Bei Erwachsenen können schwere Lungenentzündungen oder chirurgische Eingriffe mit Herz-Lungen-Maschinen zu einen Surfactantmangel führen. Auch hier wird Ambroxol unterstützend eingesetzt.
Das Gen, das Babys aufatmen lässt Amerikanische Forscher haben ein Schlüsselgen identifiziert, das Babys ihren ersten Atemzug ermöglicht: Nur wenn das Gen namens Foxa2, korrekt arbeitet, reift die Lunge im Mutterleib vollständig aus und ist bereit, nach der Geburt die Sauerstoffversorgung zu übernehmen. Das hat das Team um Jeffrey Whitsett von der Universität von Cincinnati bei genetisch veränderten Mäusen entdeckt. Weitere Untersuchungen zeigten, dass Foxa2 die Aktivität der Gene koordiniert, die für die Bildung der einzelnen Eiweiß- und Fettanteile des Surfactant zuständig sind.
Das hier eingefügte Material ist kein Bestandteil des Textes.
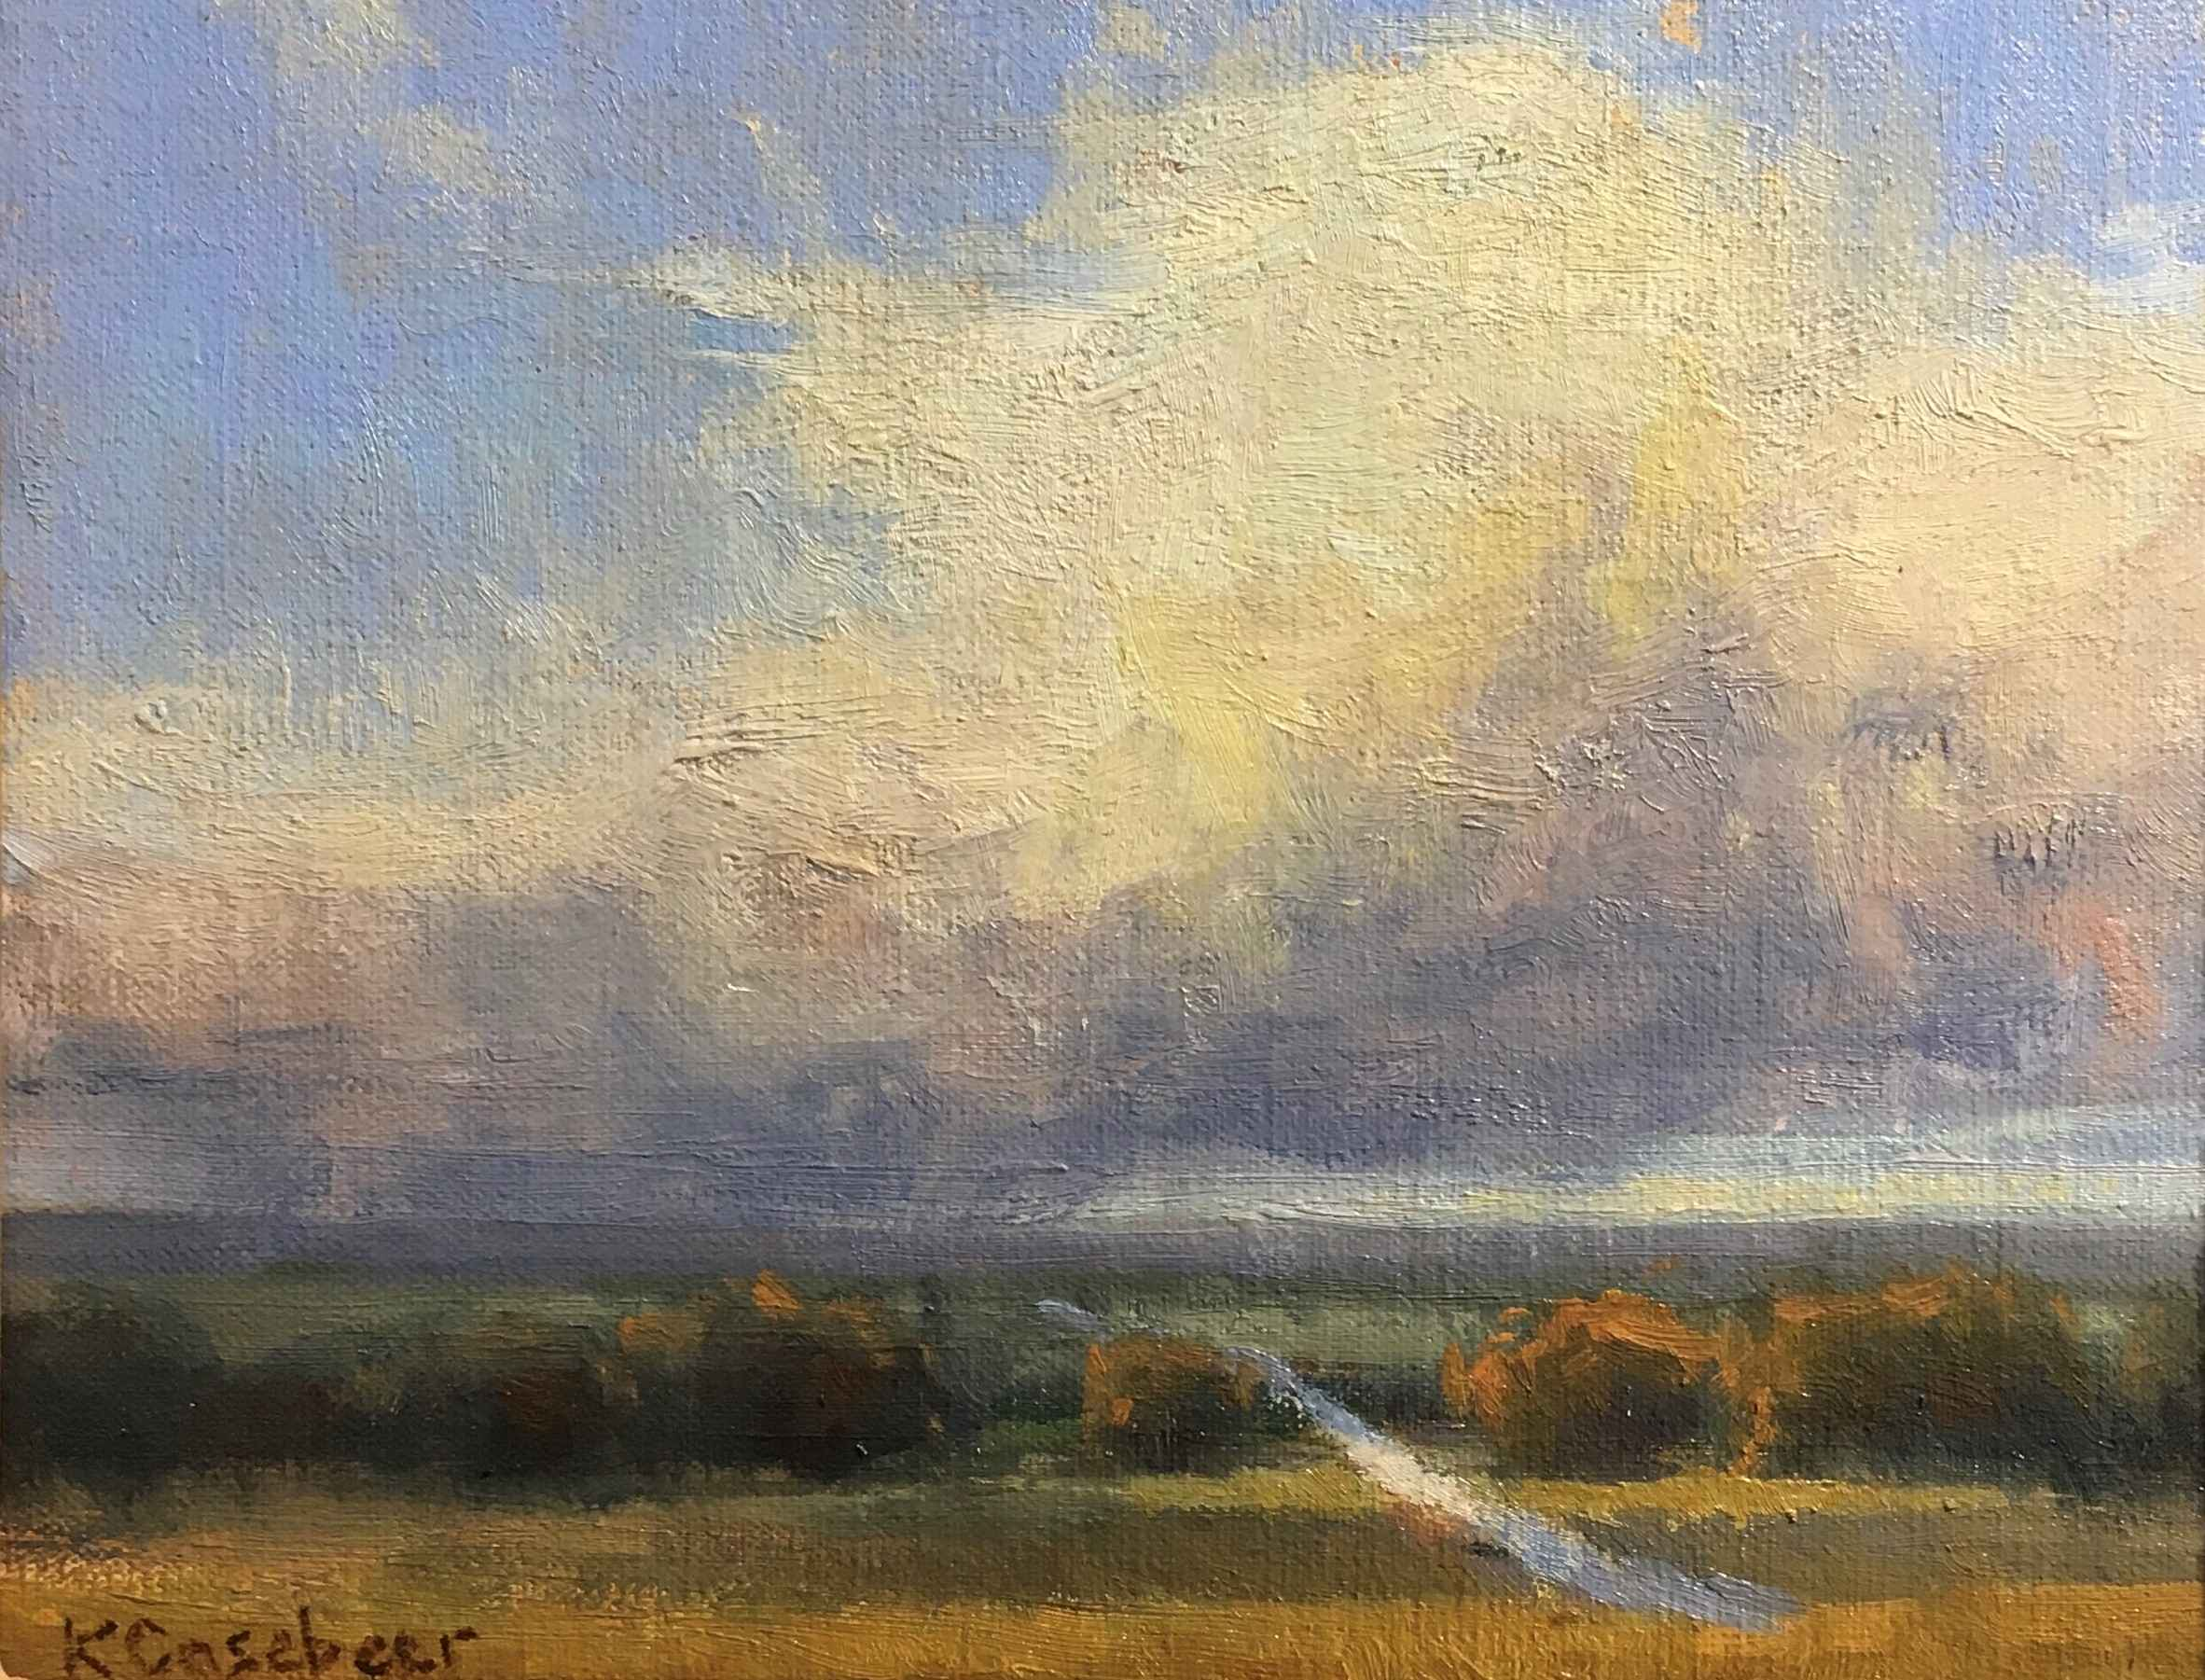 Hanging Cloud by  Kim Casebeer - Masterpiece Online

Foxa2 fungiert demnach als eine Art genetischer Dirigent, der die Aktivität einer ganzen Reihe anderer Gene steuert. Über ihre Ergebnisse berichten die Forscher im Fachmagazin PNAS (Online-Vorabveröffentlichung, DOI: 10.1073/pnas.0404424101).
Die Wissenschaftler hoffen nun, mit Hilfe der Entdeckung des Master-Gens Foxa2 und seiner Wirkung neue Behandlungsansätze für Lungenprobleme bei Frühgeborenen, aber auch bei Erwachsenen entwickeln zu können.